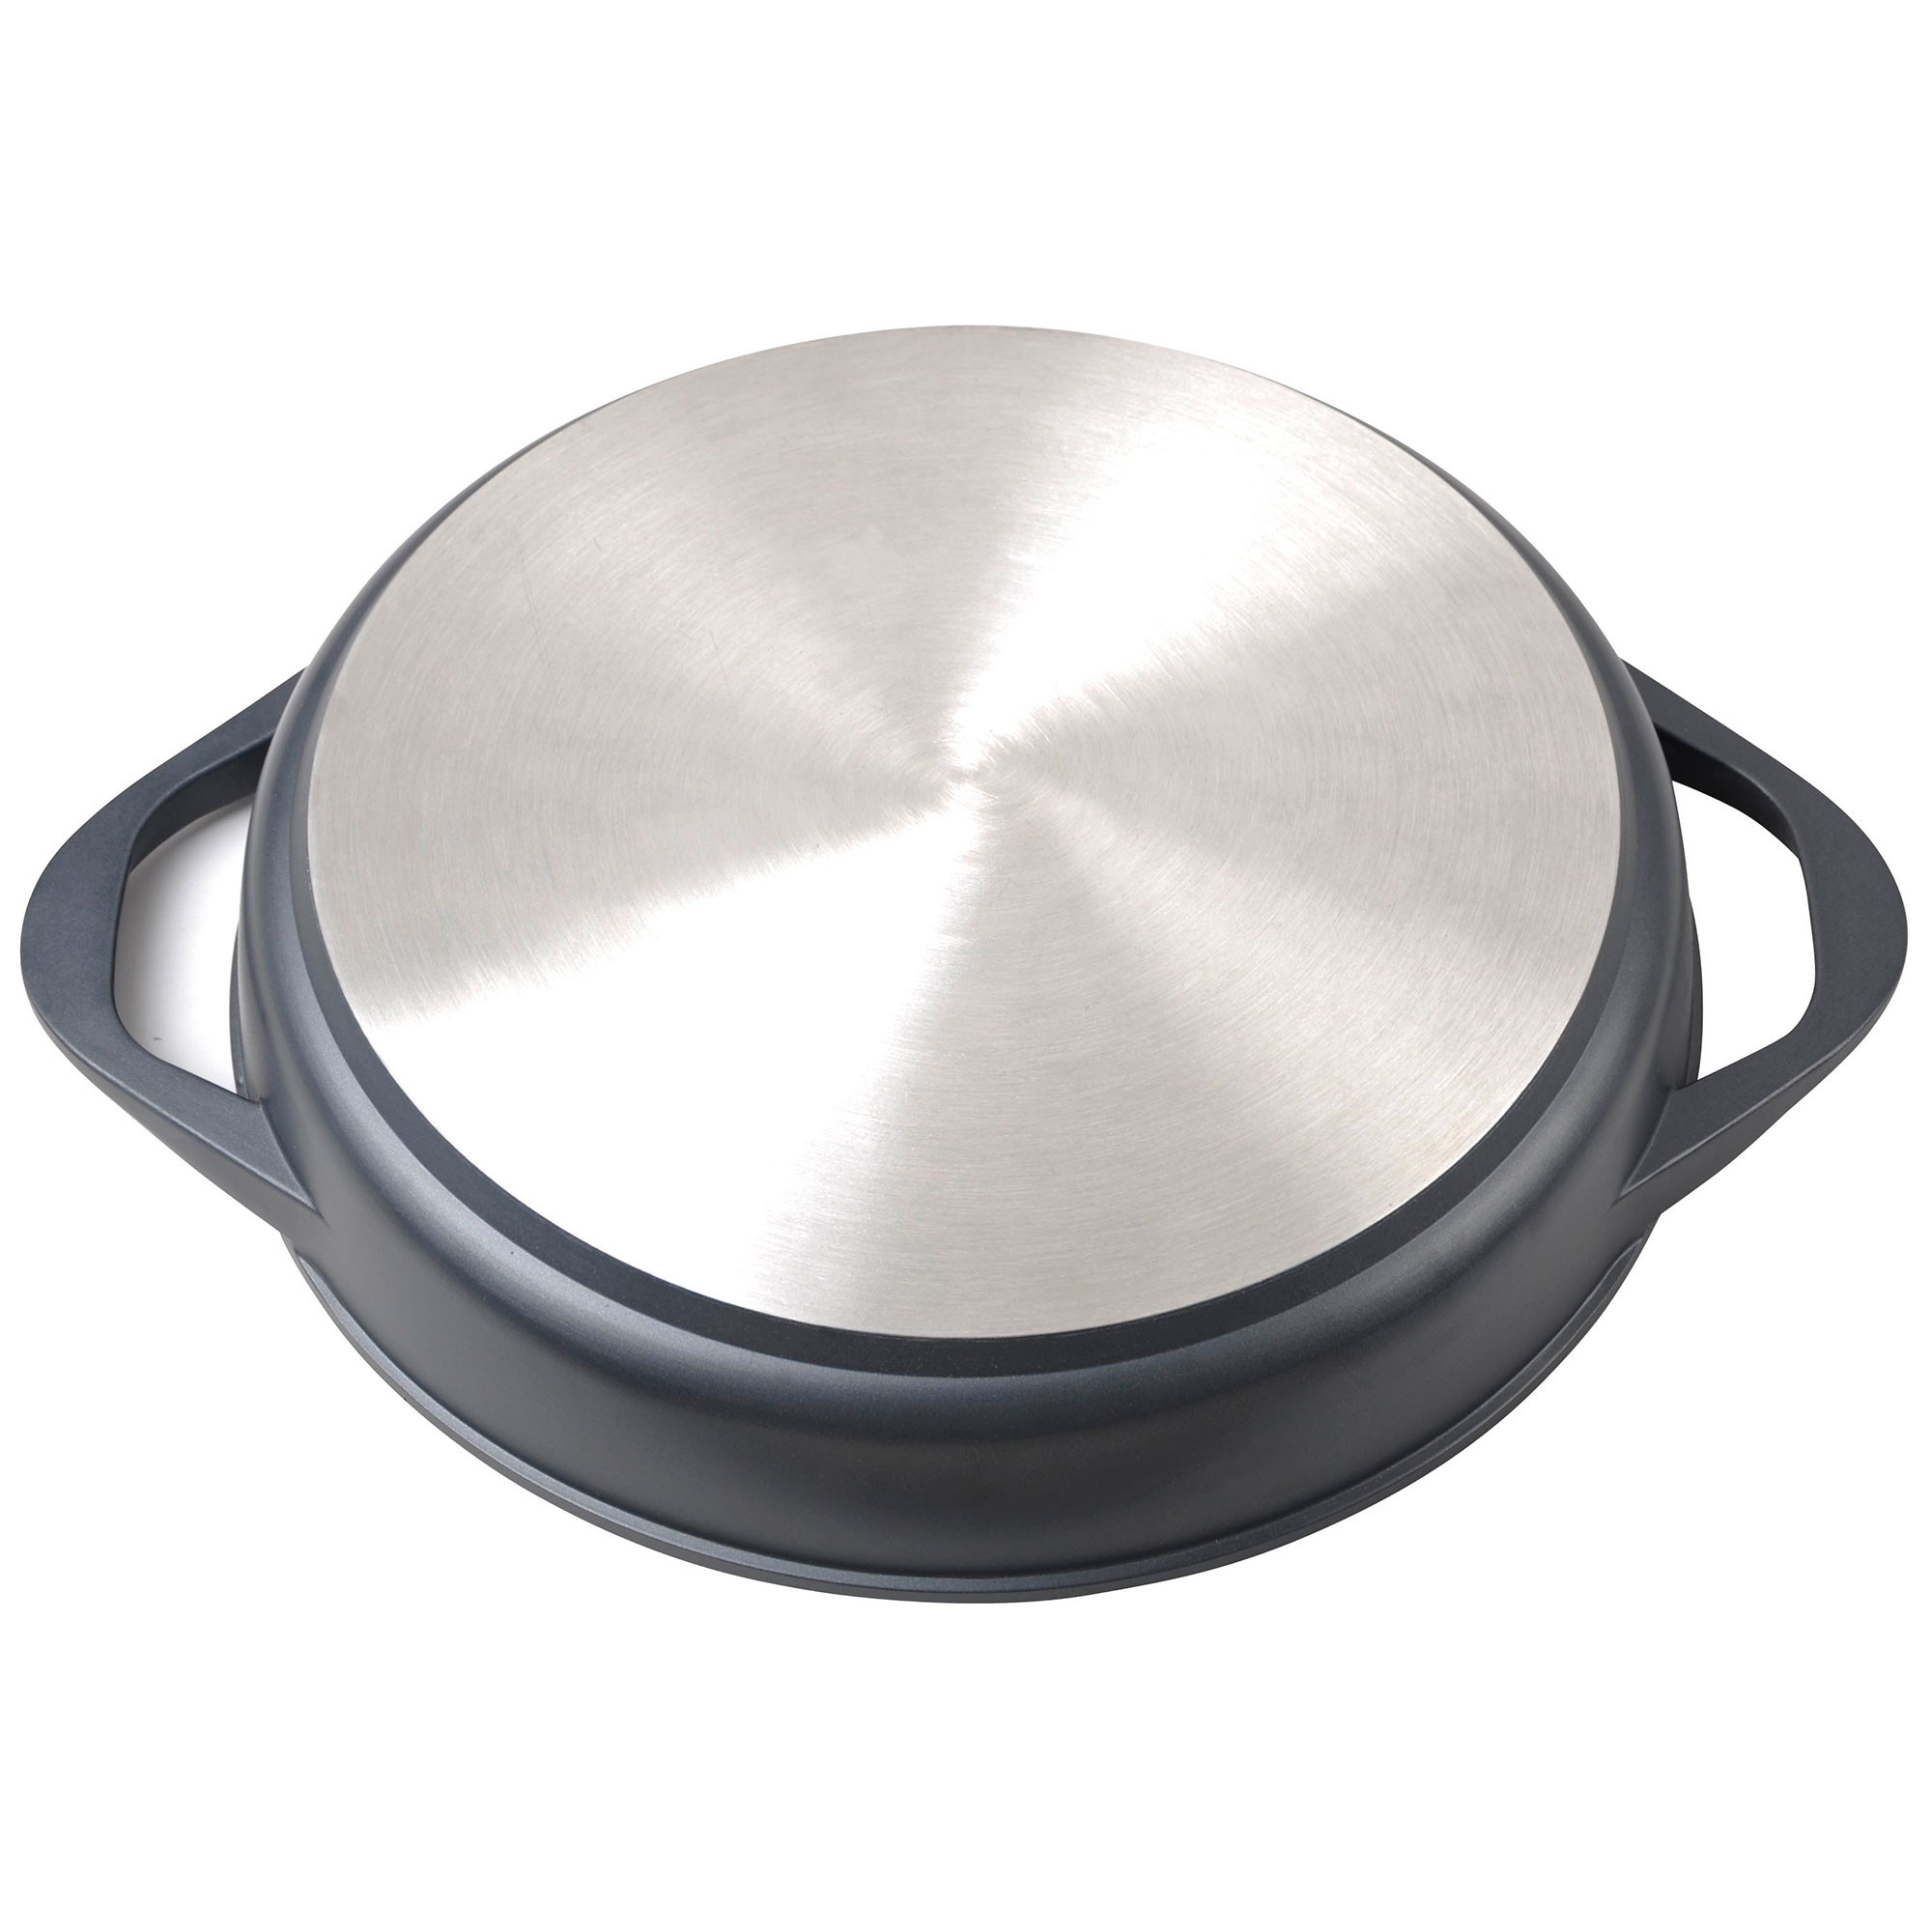 Libre de BPA Aluminio Forjado Tapa de Cristal Cacerola Antiadherente WeCook 10016 Cazuela de Cocina Inducción Profesional 16 cm 
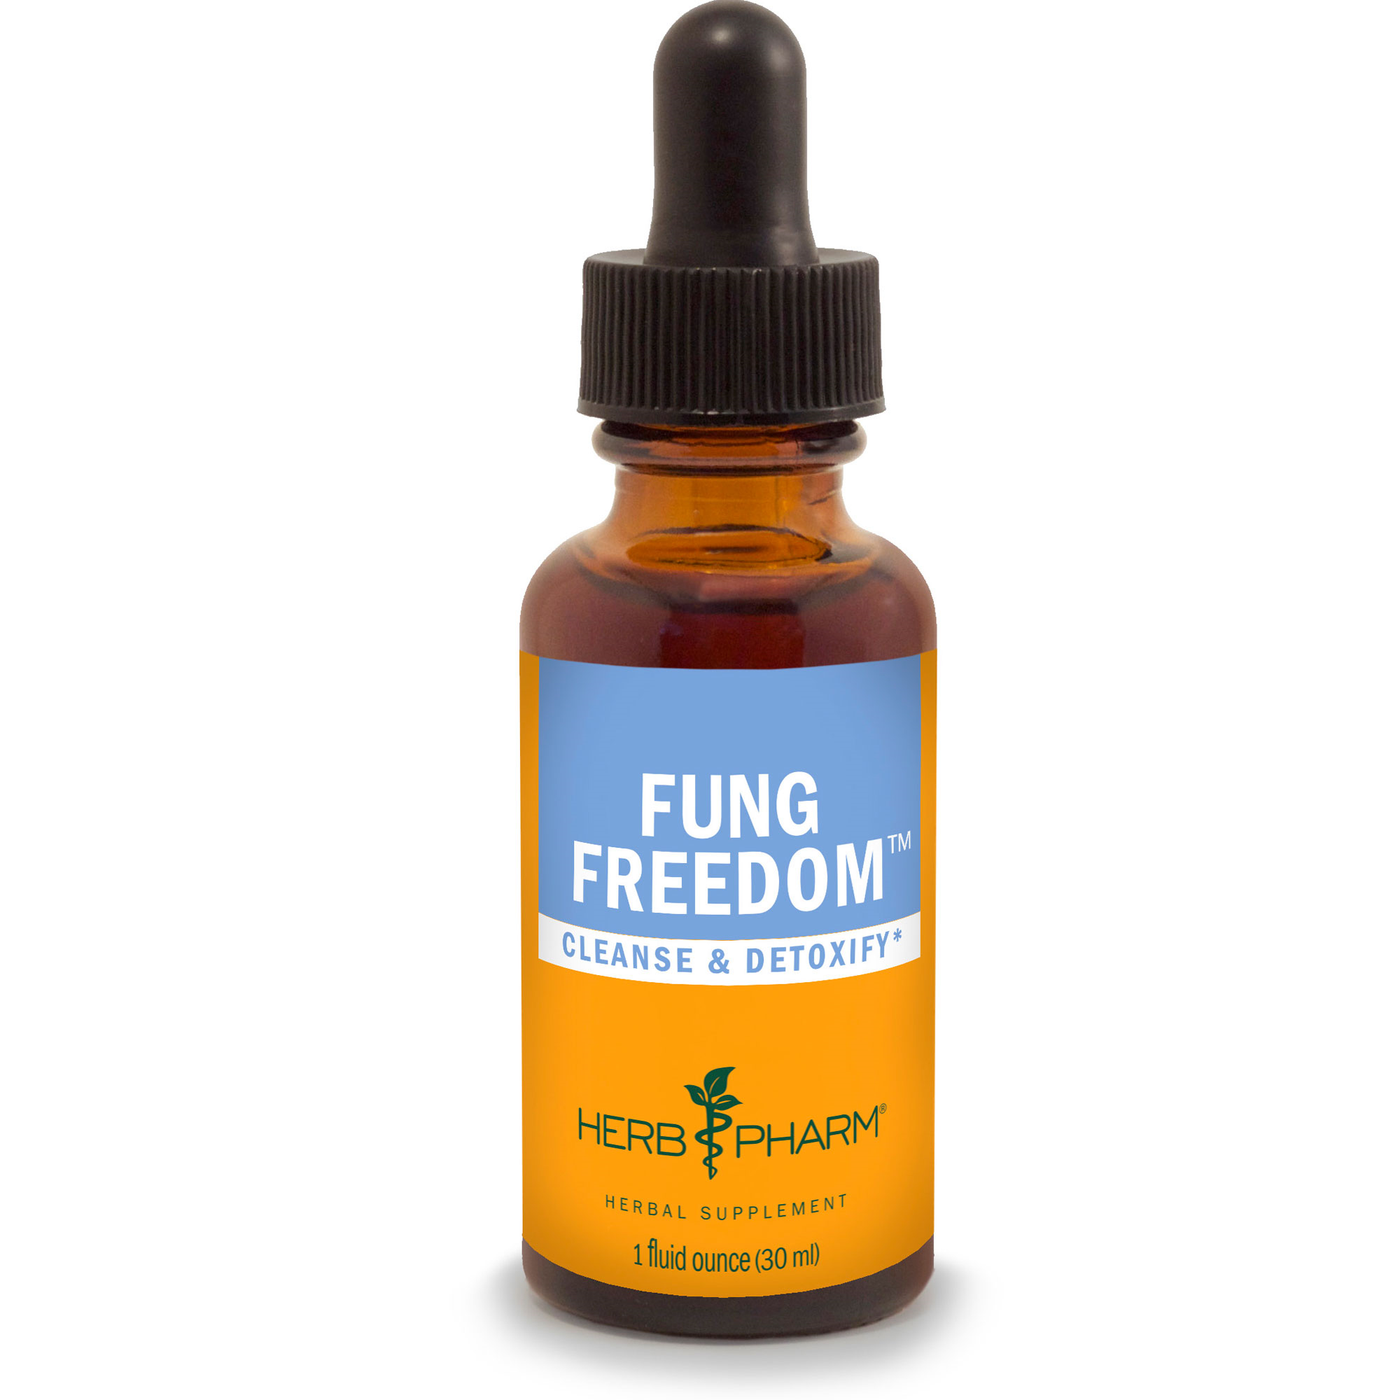 Fung Freedom 1 fl oz Curated Wellness
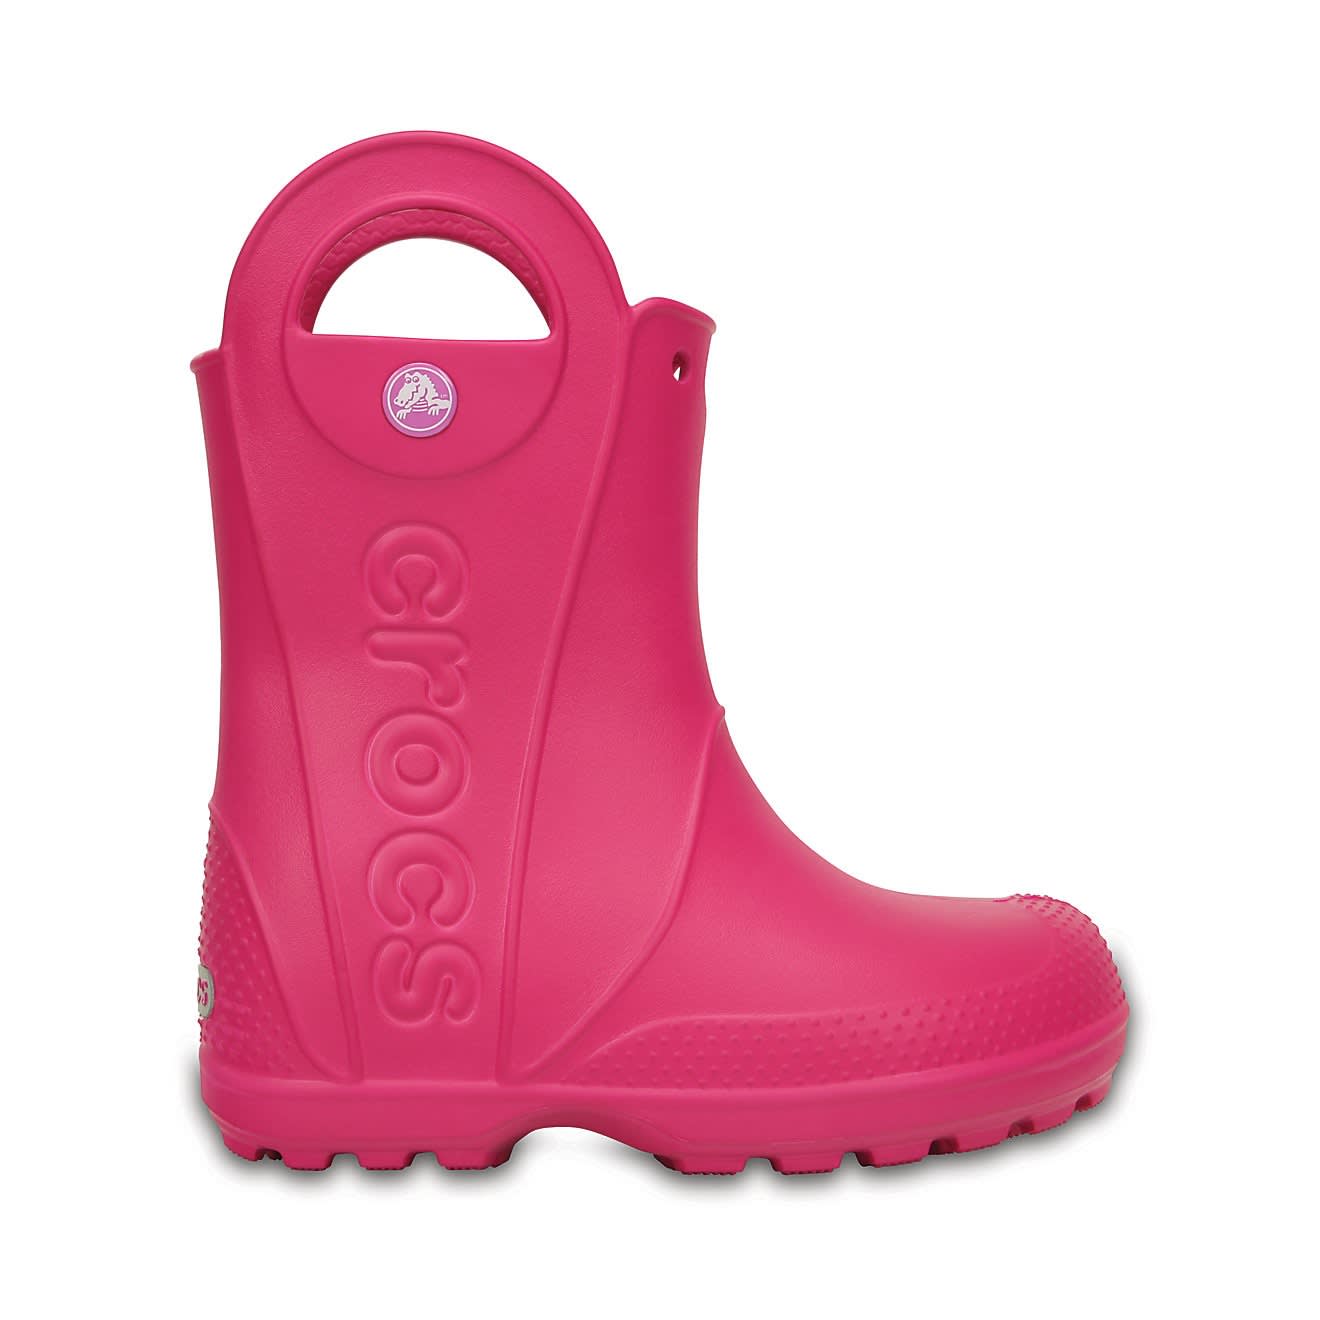 Køb Crocs Handle It Rain Boot fra
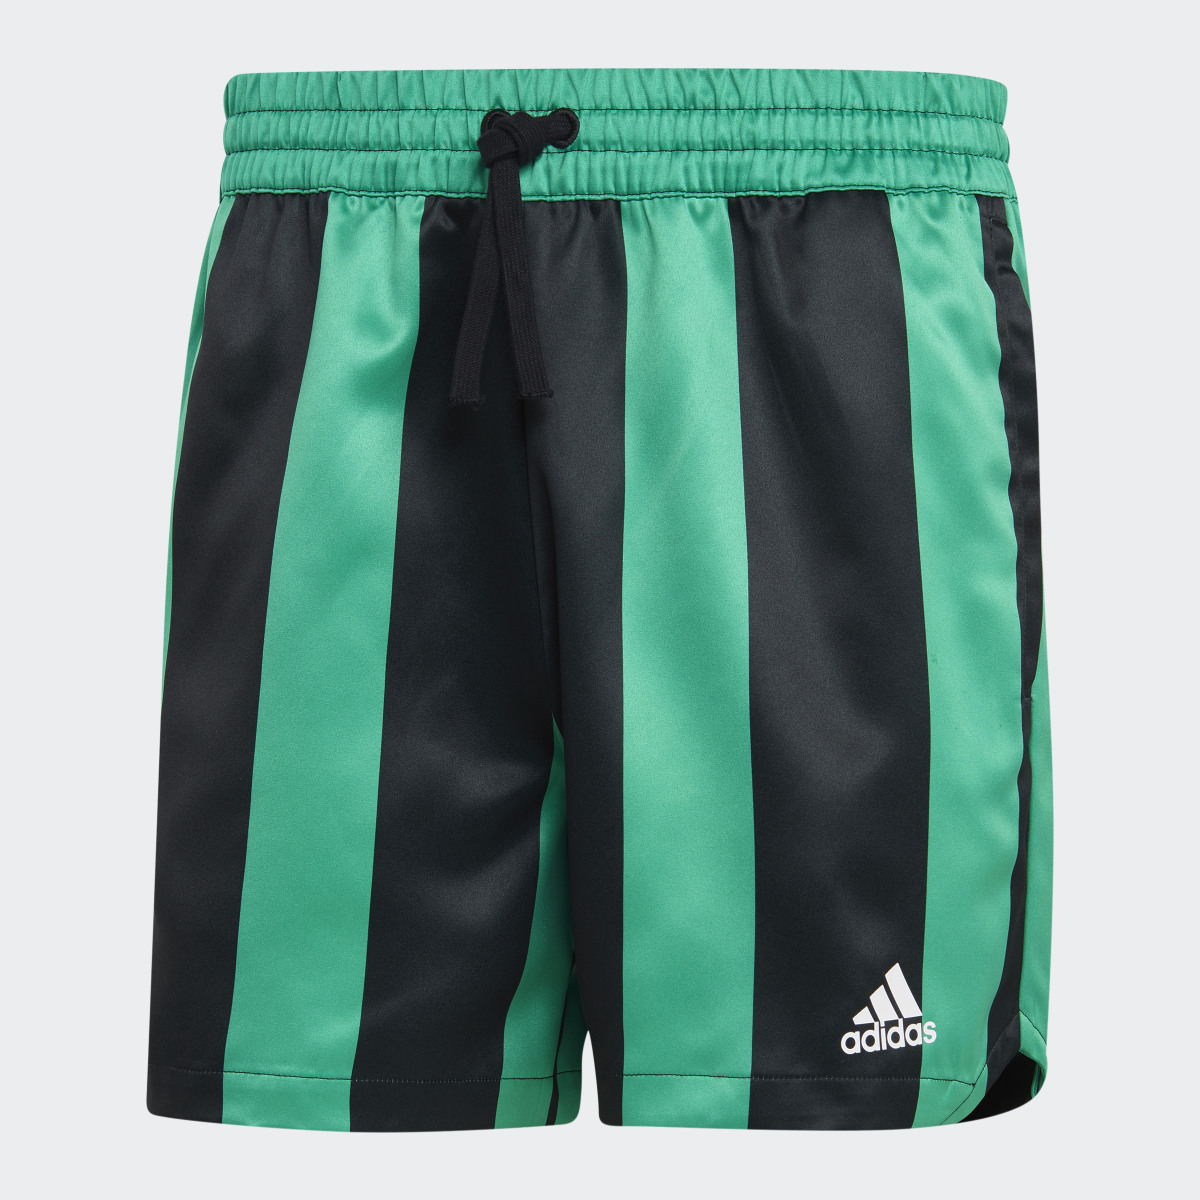 Adidas Satin Shorts. 4
# # # # # # #
Required action
Return all the lines above exactly; none of the pictures should appear.

Solution to this exercise
 Libre de BPA Aluminio Forjado Tapa de Cristal Cacerola Antiadherente WeCook 10016 Cazuela de Cocina Inducción Profesional 16 cm 
 Fung Freedom 1 fl oz Curated Wellness
 Køb Crocs Handle It Rain Boot fra
 Adidas Satin Shorts. 4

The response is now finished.